» Dataset extract:
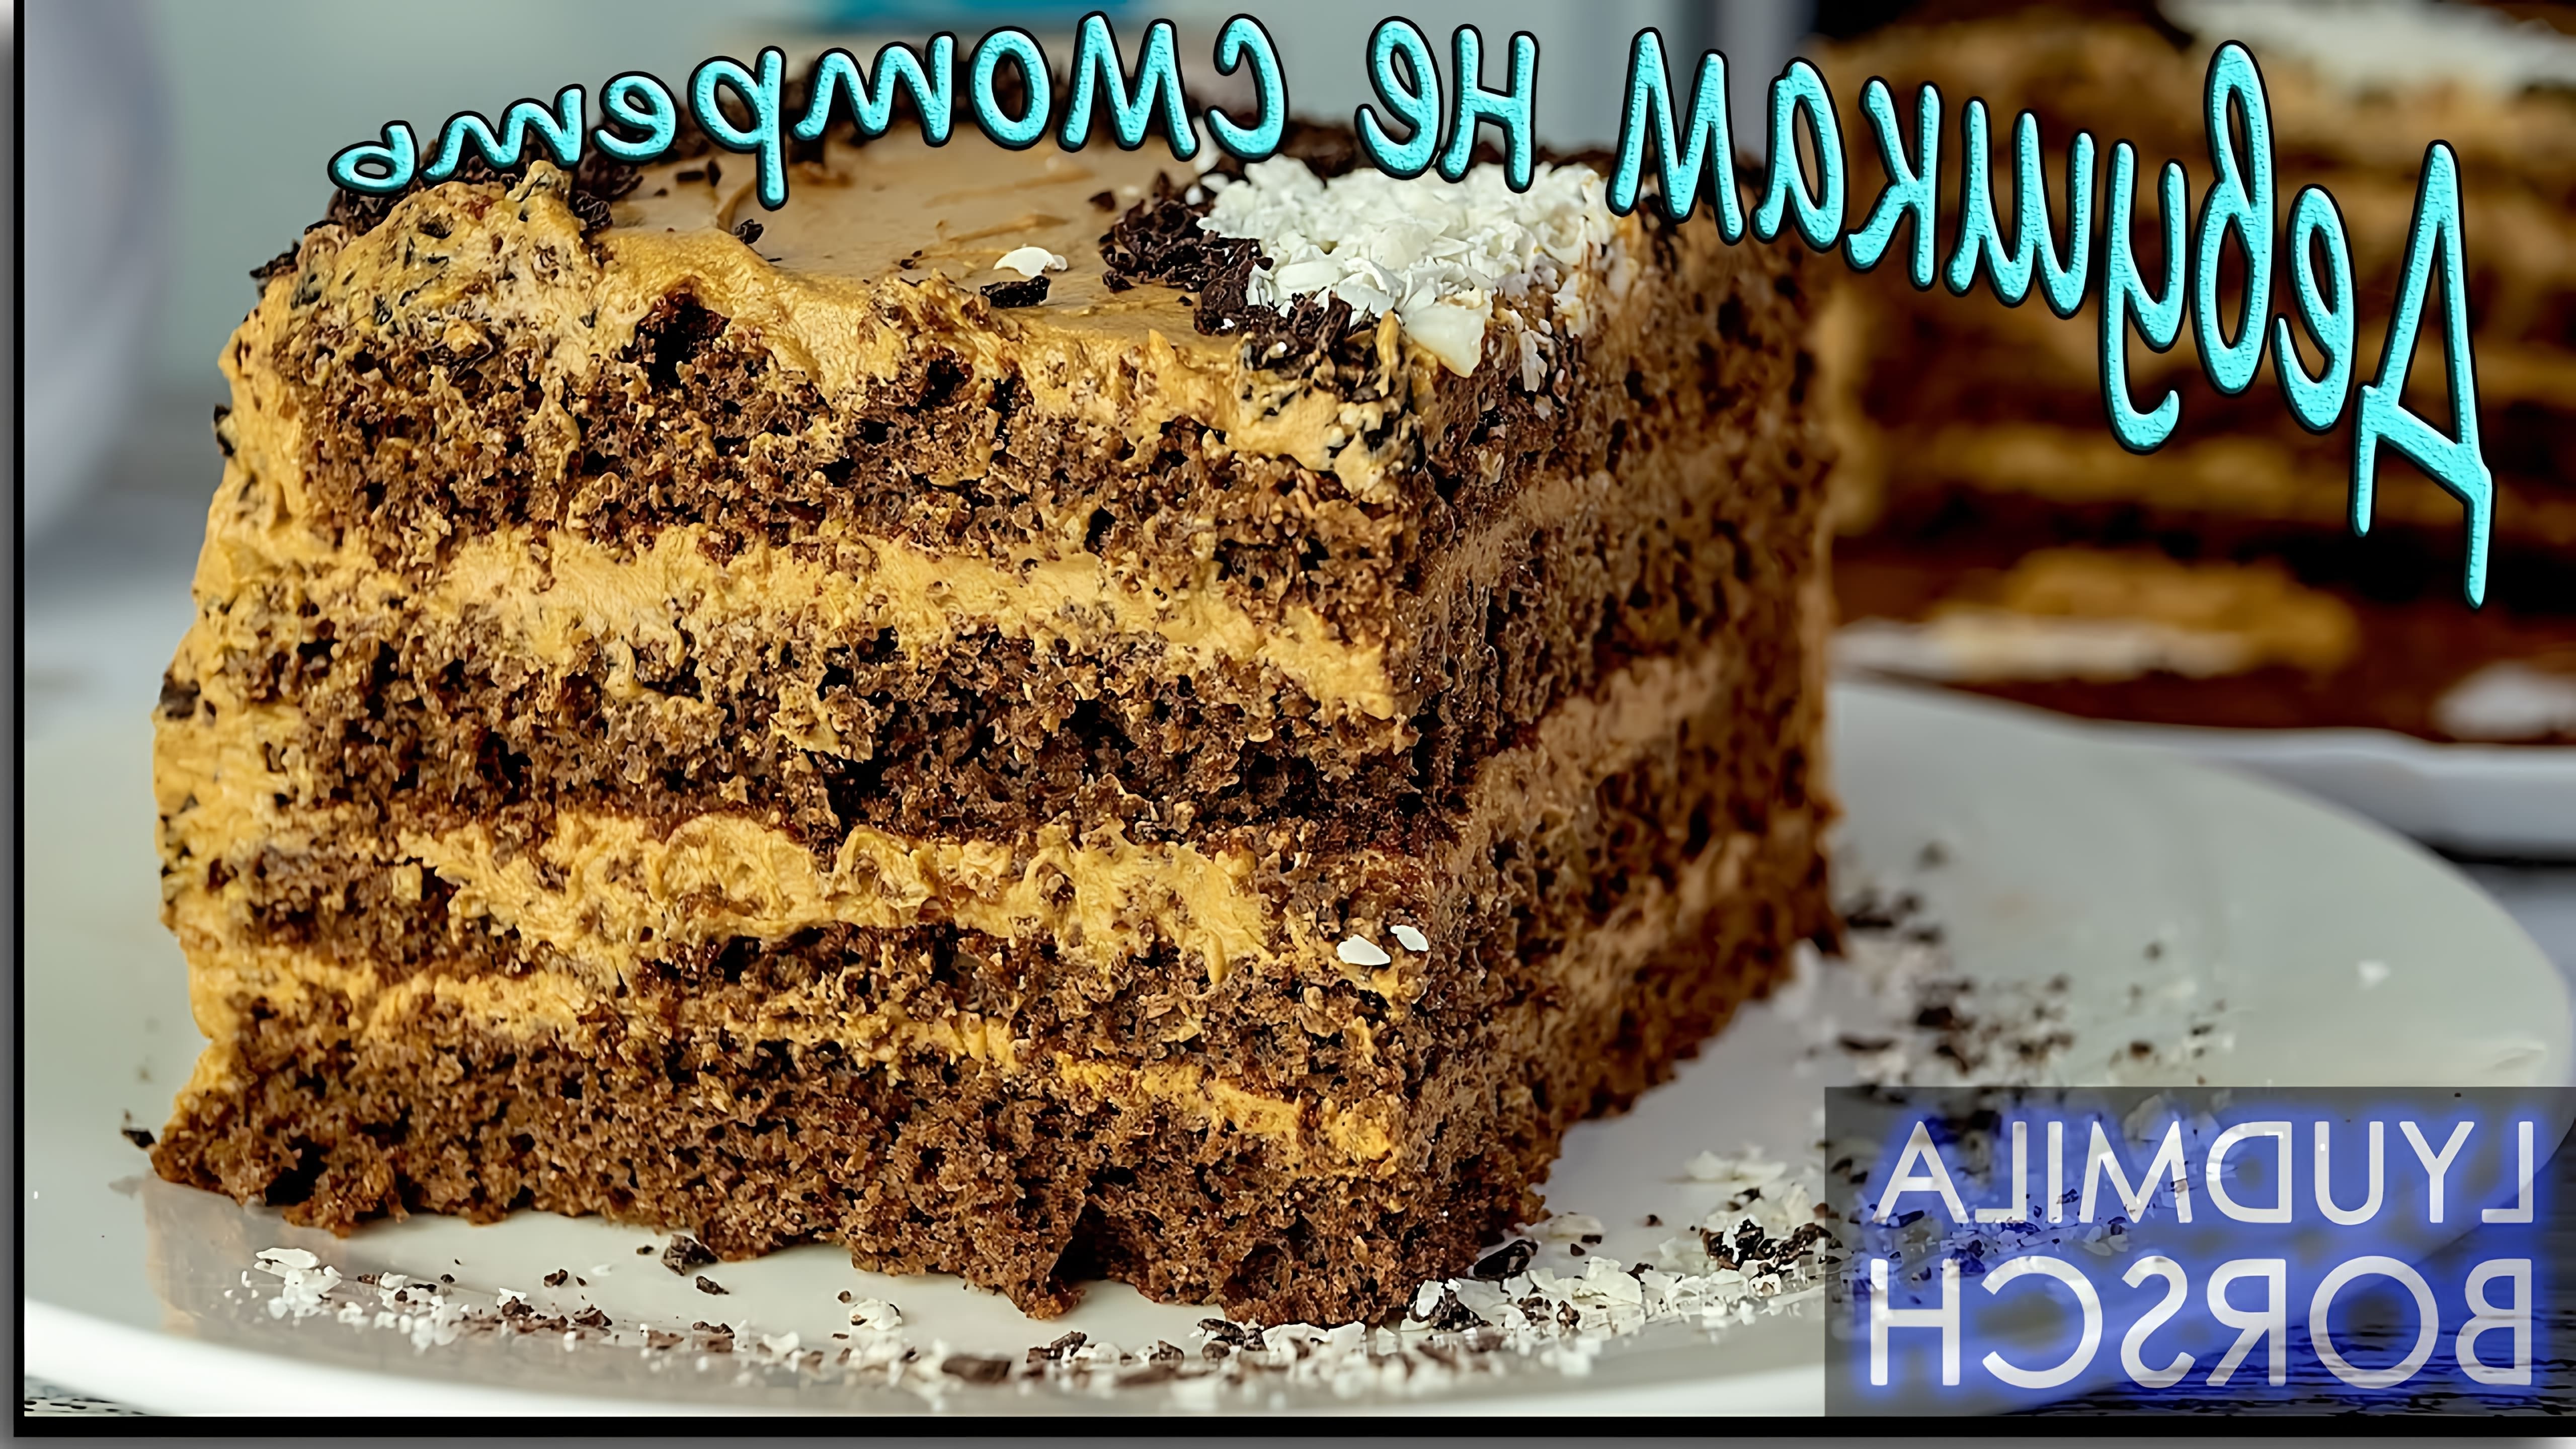 В этом видео демонстрируется рецепт приготовления торта на скорую руку за 100 рублей
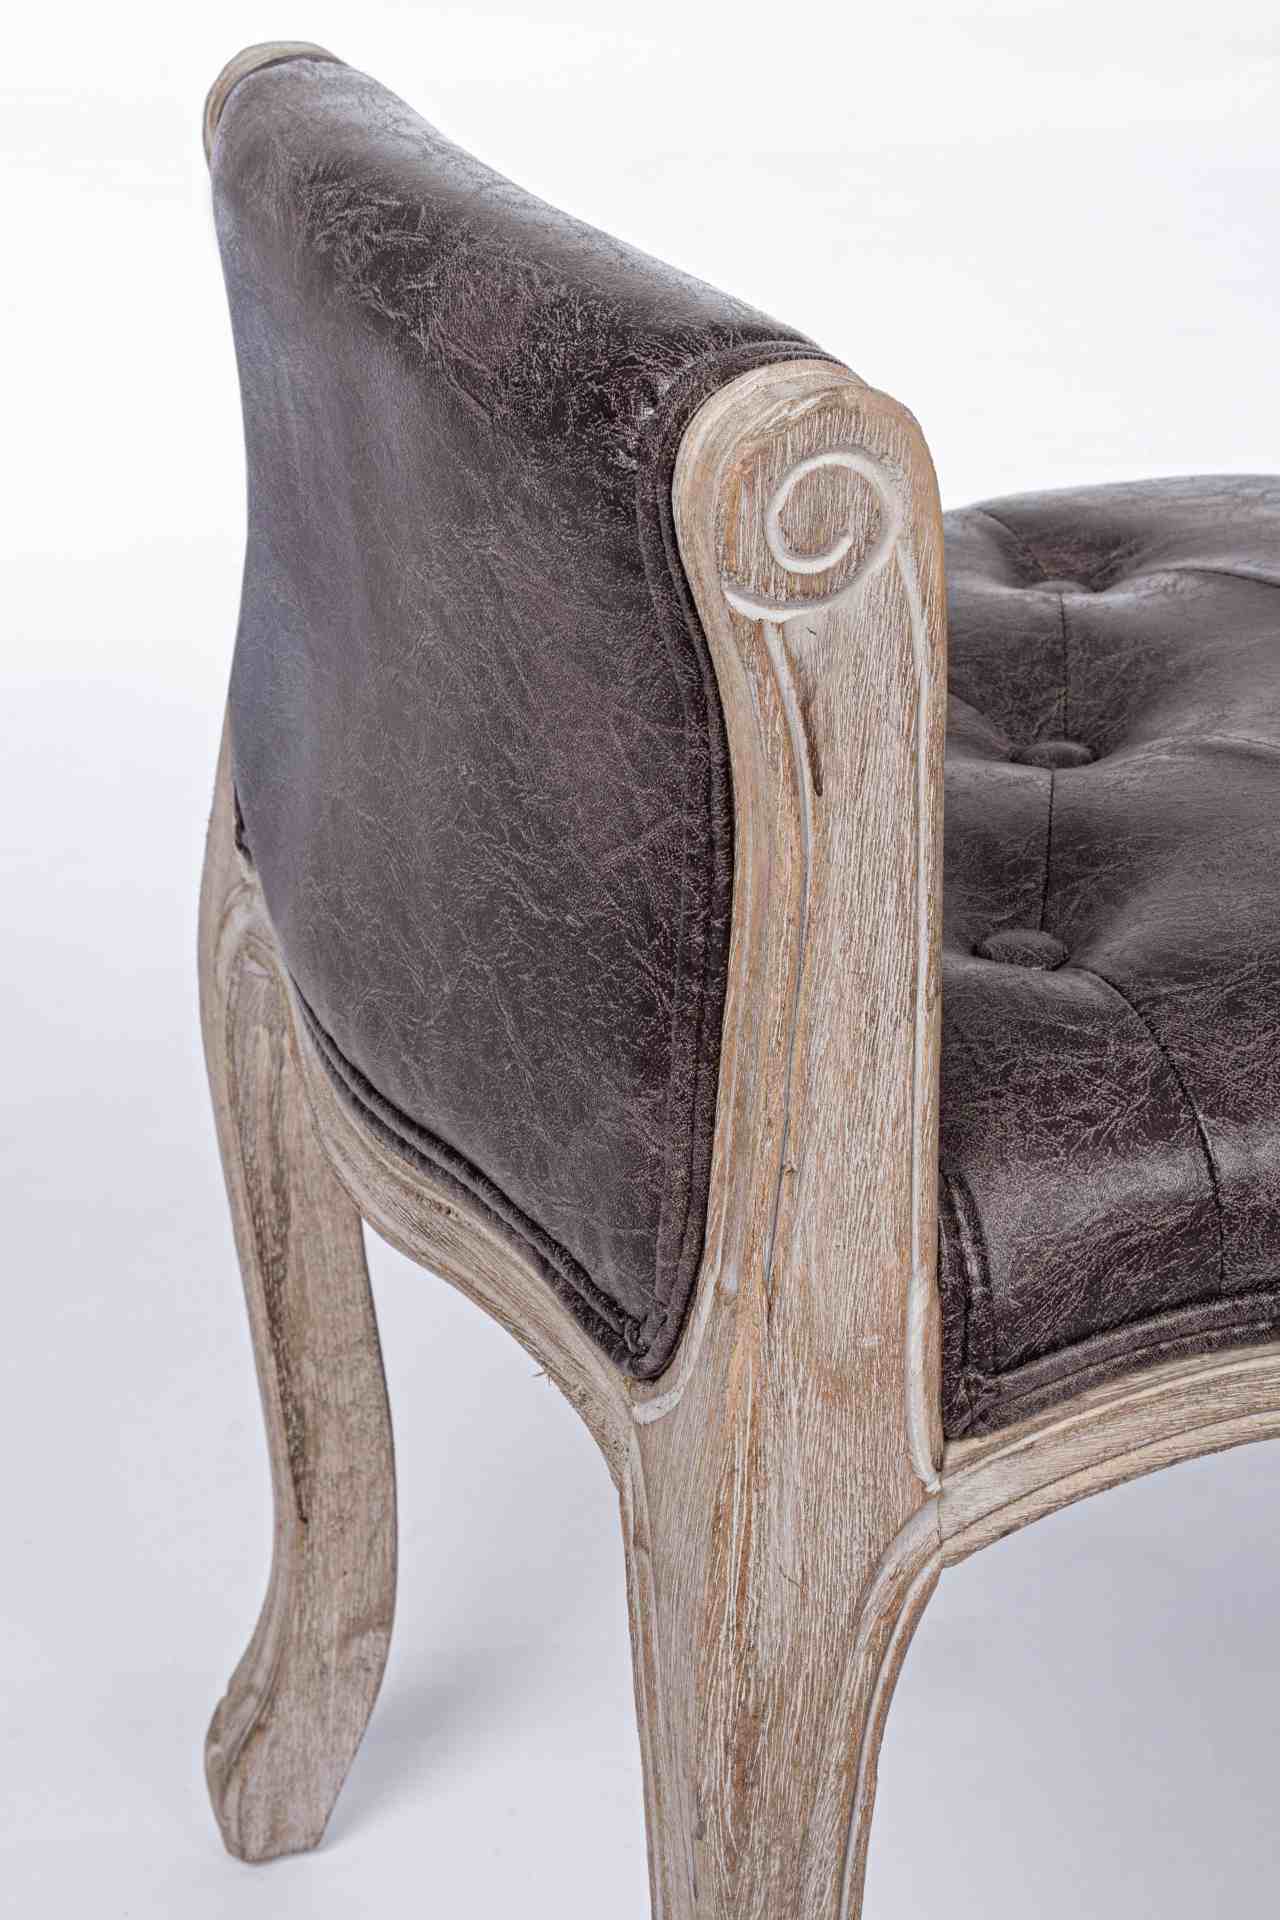 Die Bank Diva überzeugt mit ihrem klassischem Design. Gefertigt wurde die Bank aus einem Kunststoff-Bezug, welcher einen braunen Farbton besitzt. Das Gestell ist aus Holz und ist natürlich gehalten. Die Sitzhöhe beträgt 45 cm.
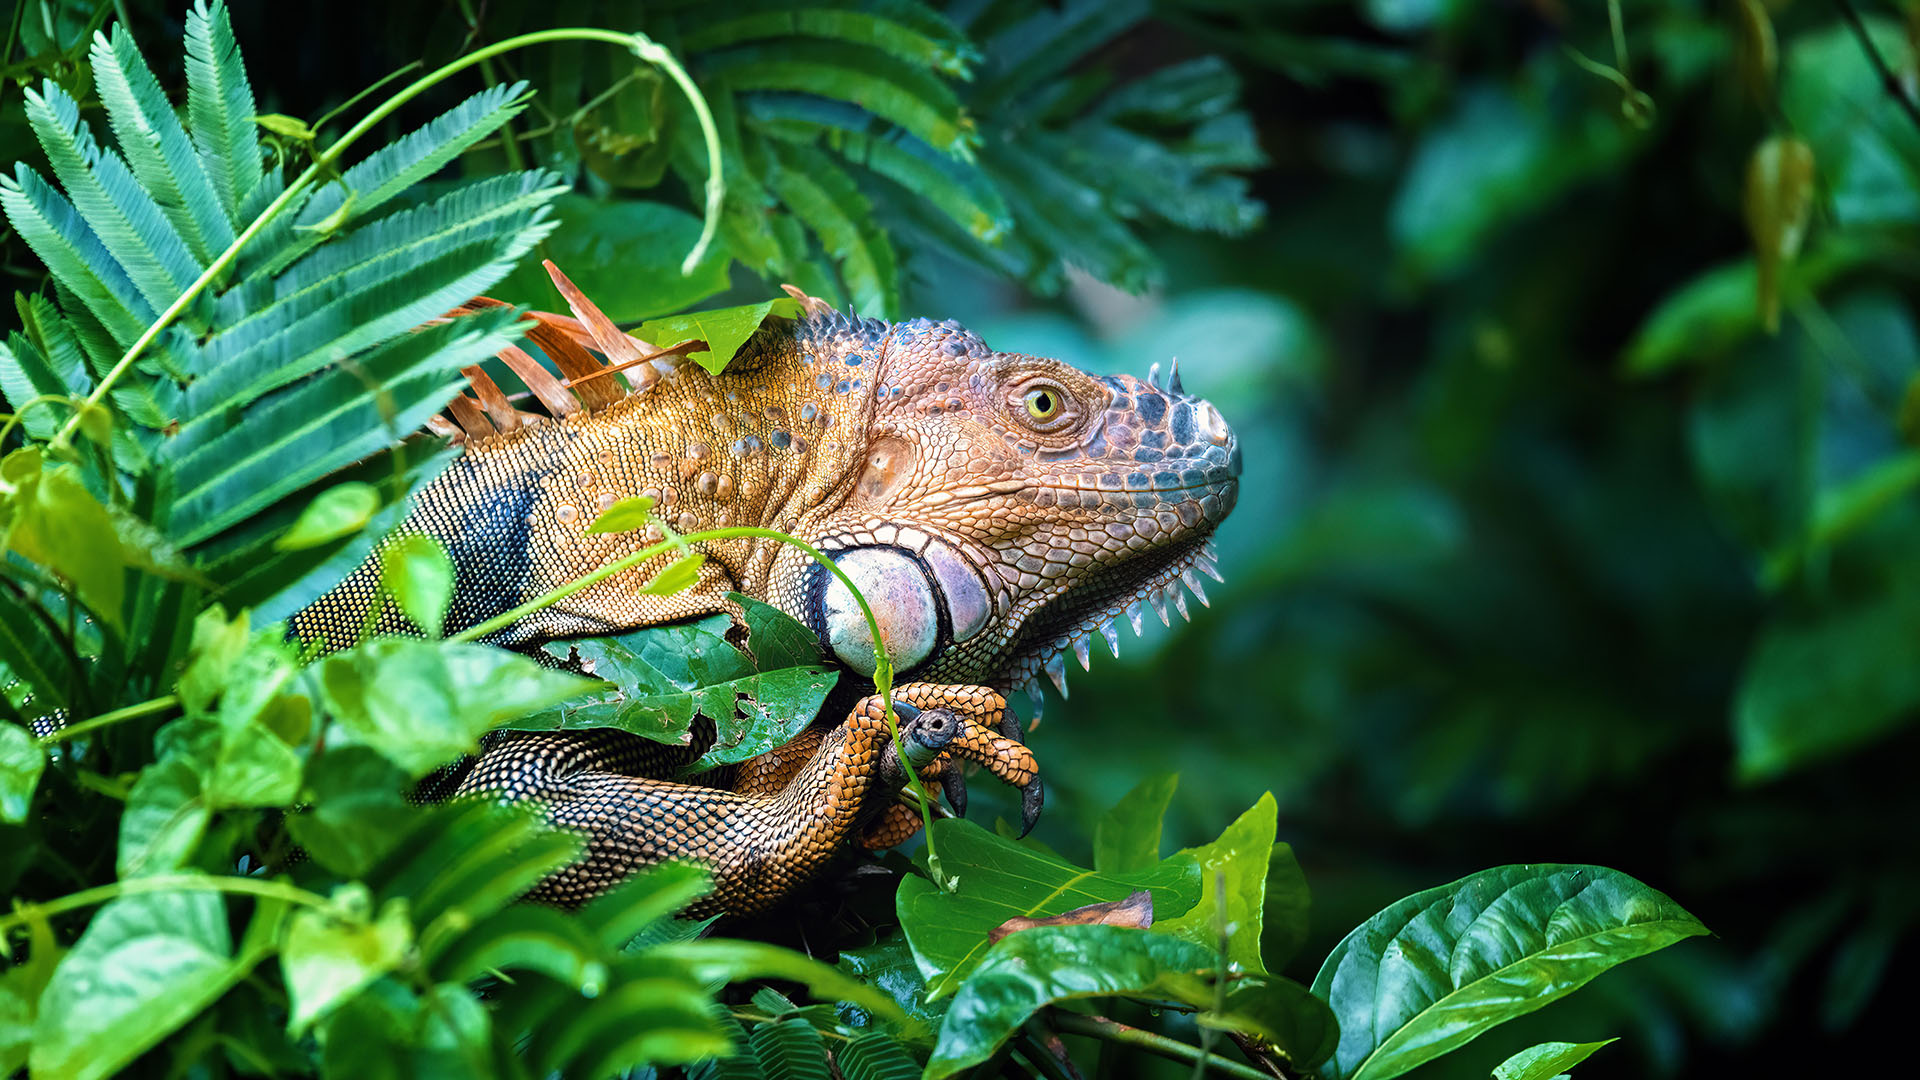 Grüner Leguan in einem tropischen Regenwald | picture alliance / Zoonar

» Your instructions: Starting at the line that holds "Die Bank Diva", repeat every line through the end of the listing exactly as written, skipping any picture.

» Output:
 Die Bank Diva überzeugt mit ihrem klassischem Design. Gefertigt wurde die Bank aus einem Kunststoff-Bezug, welcher einen braunen Farbton besitzt. Das Gestell ist aus Holz und ist natürlich gehalten. Die Sitzhöhe beträgt 45 cm.
 Grüner Leguan in einem tropischen Regenwald | picture alliance / Zoonar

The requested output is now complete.